Sunday, March 04, 2007


Infrared Photography




Photographing light in the infrared end of the spectrum can produce some striking and beautiful images and it's something that you can have a go at quite easily.

Equipment

The method I use for infrared (IR) photography requires the following:

1 – A digital camera capable of detecting light at infrared wavelengths*
2 – A tripod (For those long exposures)
3 – Infrared filter (I use a Hoya R72) check eBay, expect to pay between £15 - £30

*See the following web page for a list of various cameras to check if yours will work:

http://www.jr-worldwi.de/photo/index.html?ir_comparisons.html

Locations

Infrared photography relies on reflected IR light; it therefore works best on sunny days. I try to photograph with the sun behind me illuminating what’s in front of the camera. For me, the draw of IR is the white glow it gives to green foliage so I like to photograph trees and other plants. Skies and water are reproduced dark and buildings take on a ‘greyish’ tone. Anywhere that buildings and foliage/water/sky come together should produce interesting results. Clear blue skies with a few clouds look the best as too many clouds can wash out your image. Locations to consider include graveyards, castles and forests.

Exposure

The IR filter blocks too much of the visible light spectrum for your camera to automatically set the WB. If your camera has a ‘one touch white balance’ setting, make sure to use it.

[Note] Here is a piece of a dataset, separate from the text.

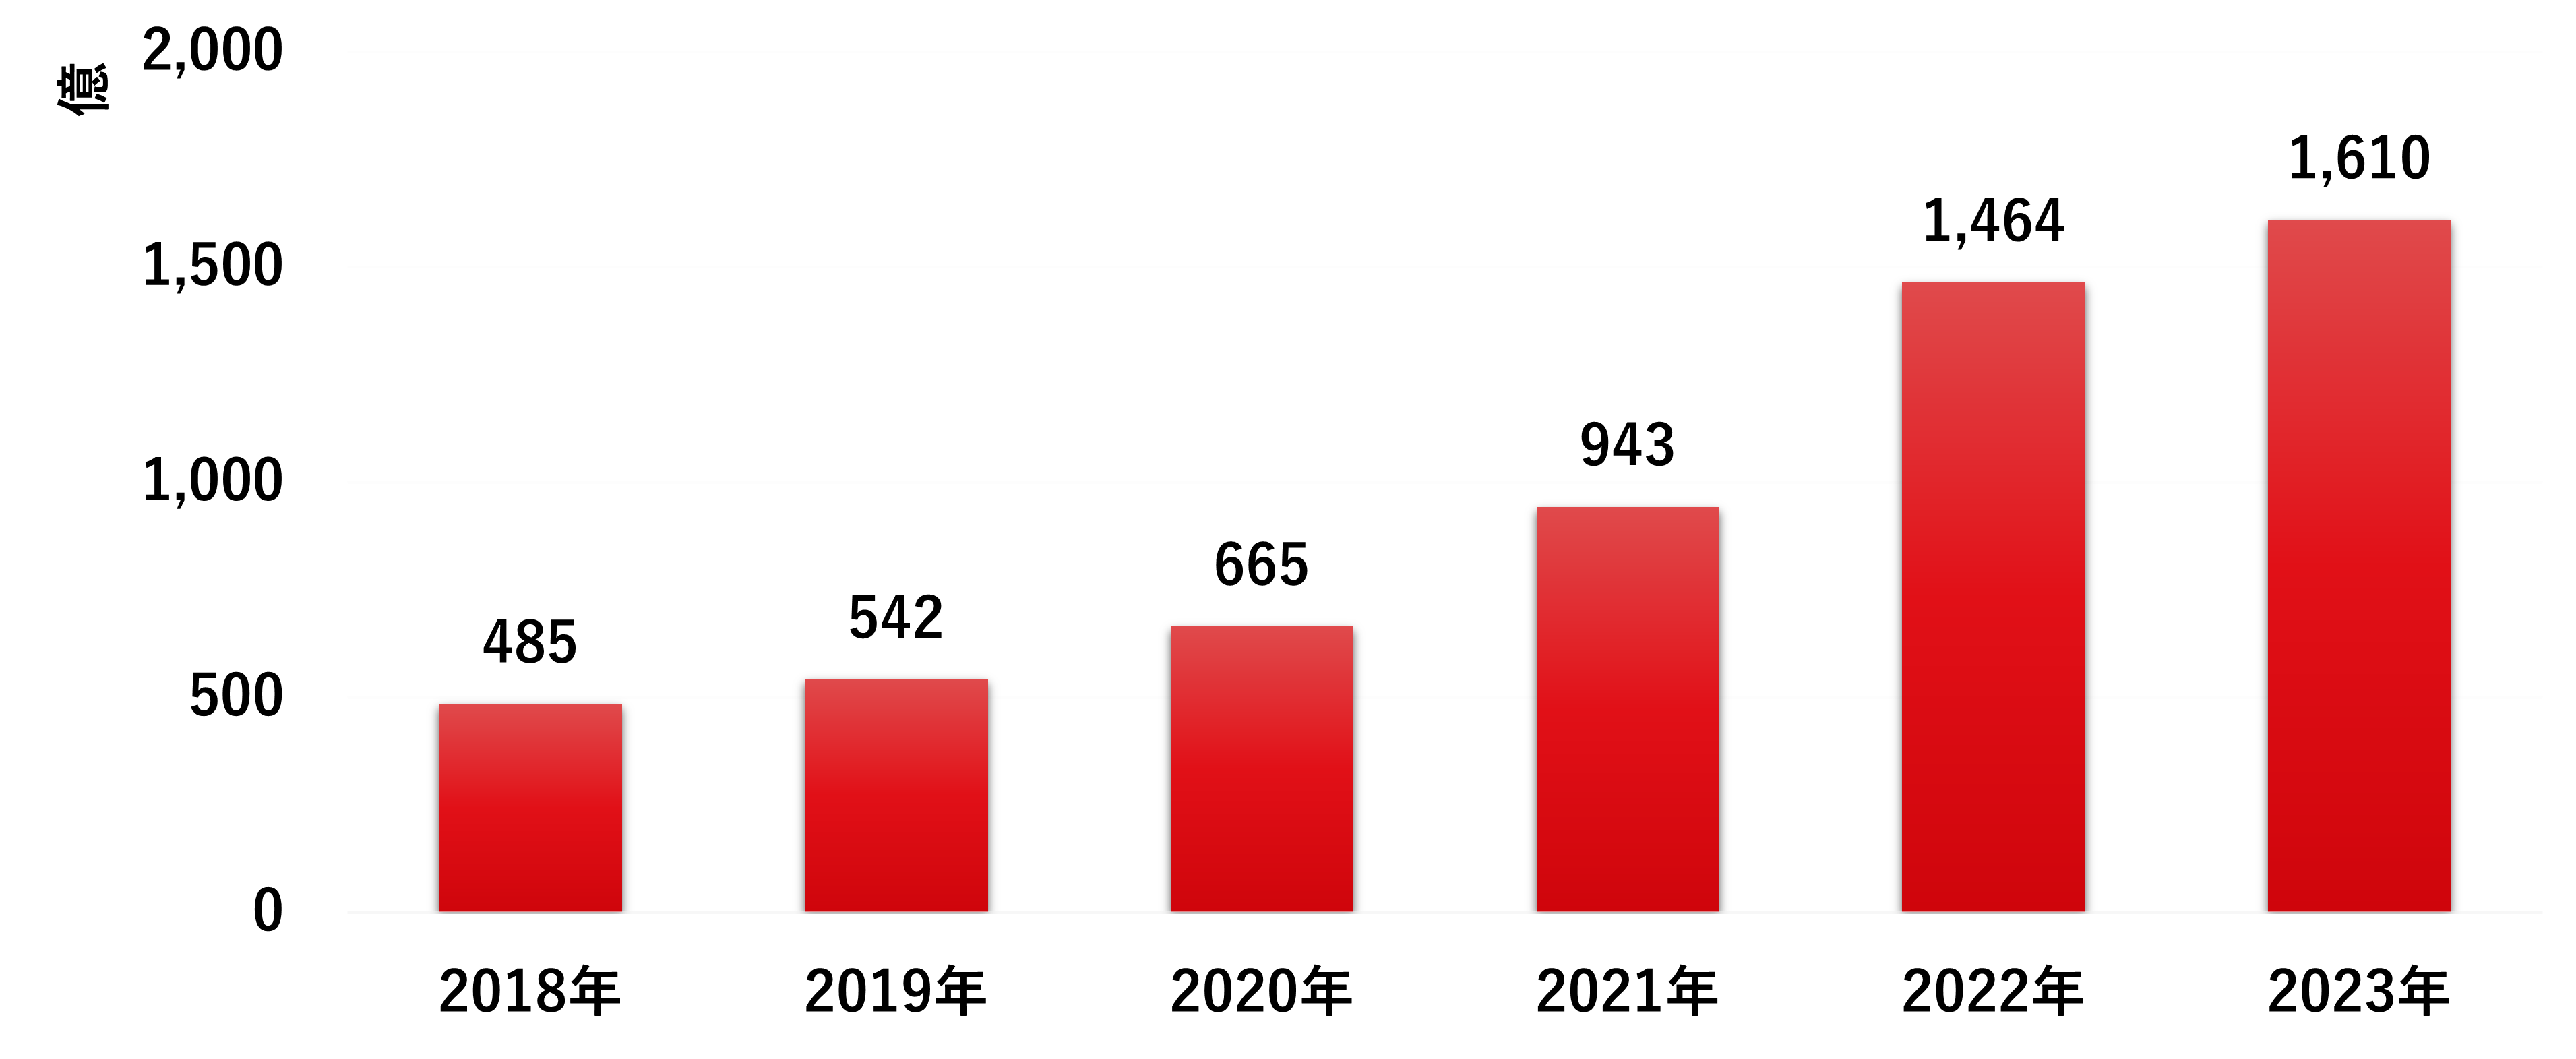 図：2018～2023年までの年別サイバー攻撃検出数の推移（全世界）
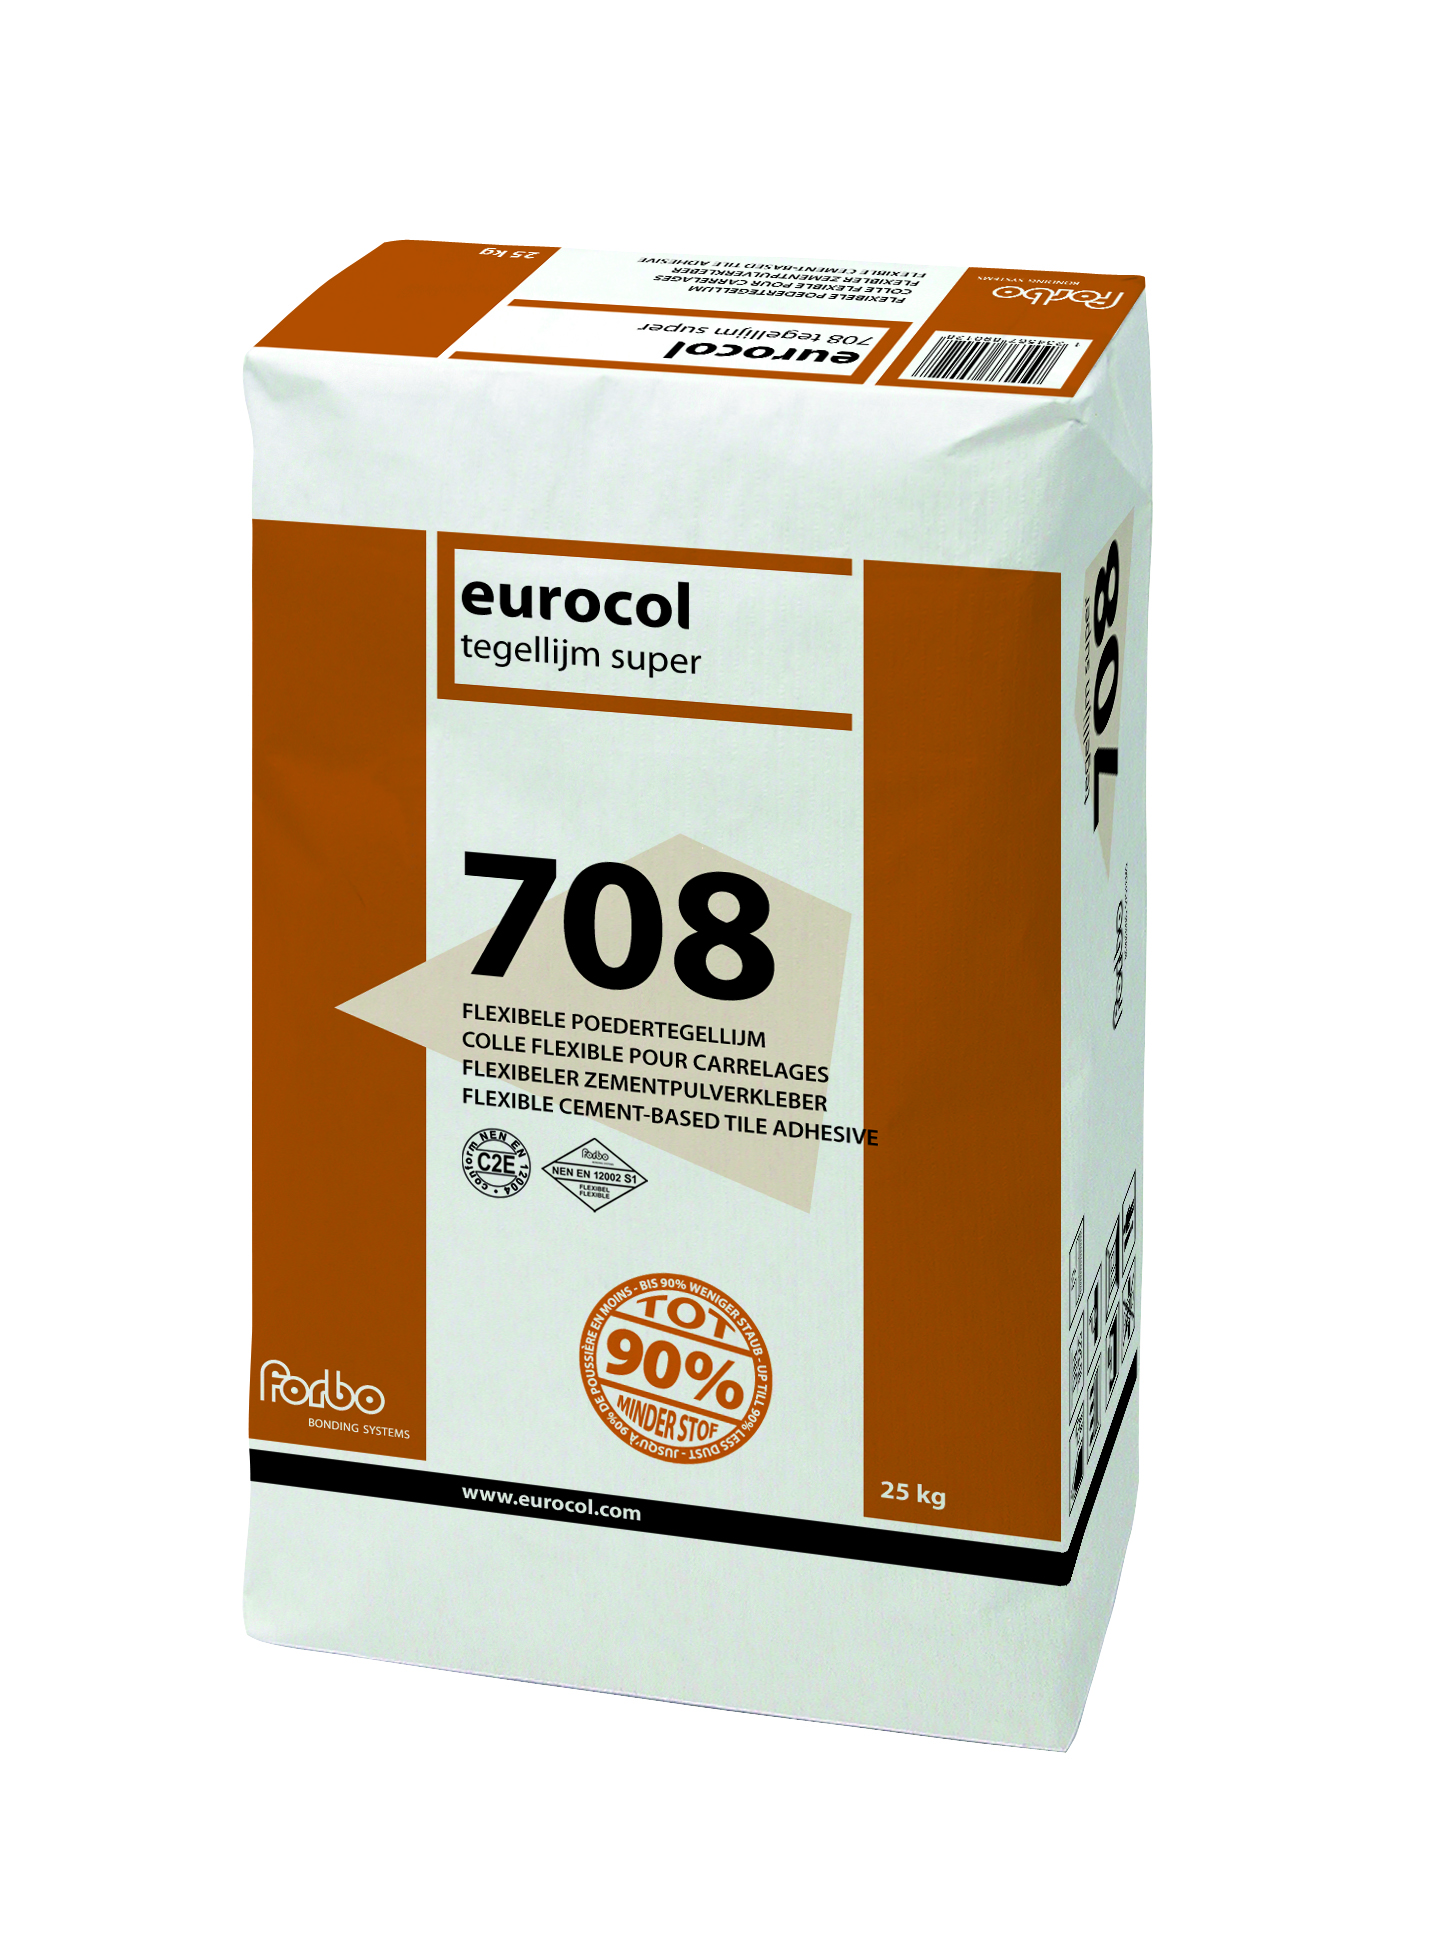 Eurocol 708 Tegellijm Super zak 25 kg

Take a WB reading from a patch of grass in direct sunlight (with the IR filter attached) this lets the camera correctly balance the colour of your shot.

You’re going to need to use quite long exposures to get your picture which is why you’ll need a tripod. Depending on my location I’ll use between 2 seconds to 15 seconds. I also prefer to use as long a depth of field as possible so with a small aperture that’s going to increase the shutter speed needed. Experiment to find out what works best for your location.

Focus

Focus can be tricky in IR but with the R72 filter, I find that just enough visible light is allowed through for the auto focus to cope. Using your LCD display becomes difficult in IR so you’ll have to rely on your viewfinder for composition and trial and error to achieve the correct focus. Experiment, experiment, experiment.

Post processing

I process all my IR shots in Photoshop. Curves, auto levels and channel mixer are my tools of choice. In the channel mixer, with ‘red’ in the drop down menu, set the red slider to ‘ZERO’ and the blue slider to ‘100’. Now with ‘blue’ in the drop down menu, set the red slider to ‘100’ and the blue slider to ‘ZERO’. This swaps the red and blue channels.
Fiddle with these setting to your hearts content to find results pleasing to you.



Further things to try

You can now buy cameras that have been specially modified to take infared photos. These cameras allow shorter shutter speeds and smaller apertures and can produce incredibly sharp images. Such cameras are unable to take visible light photos properly though so you have to be sure you can justify the expense to take purely IR images.

I welcome any questions and discussion.



1 comment:

Duncan said...

Dave, thanks for posting this. As I said on that RB pic, I've discovered that my huge Ilford 207 filter is equivalent to the R72. I've had that filter for about 15 years, thinking I might find a use for it one day, so it's nice for that to come about. Using it will be a challenge though, as it's so large and heavy.

So far, I've only taken a couple of quick snaps to see what happened (Canon A460), and was pleased to find that the auto-focus and exposure work OK; next I'll need to set the white balance as you advise and tweak the exposure a bit, then see what happens.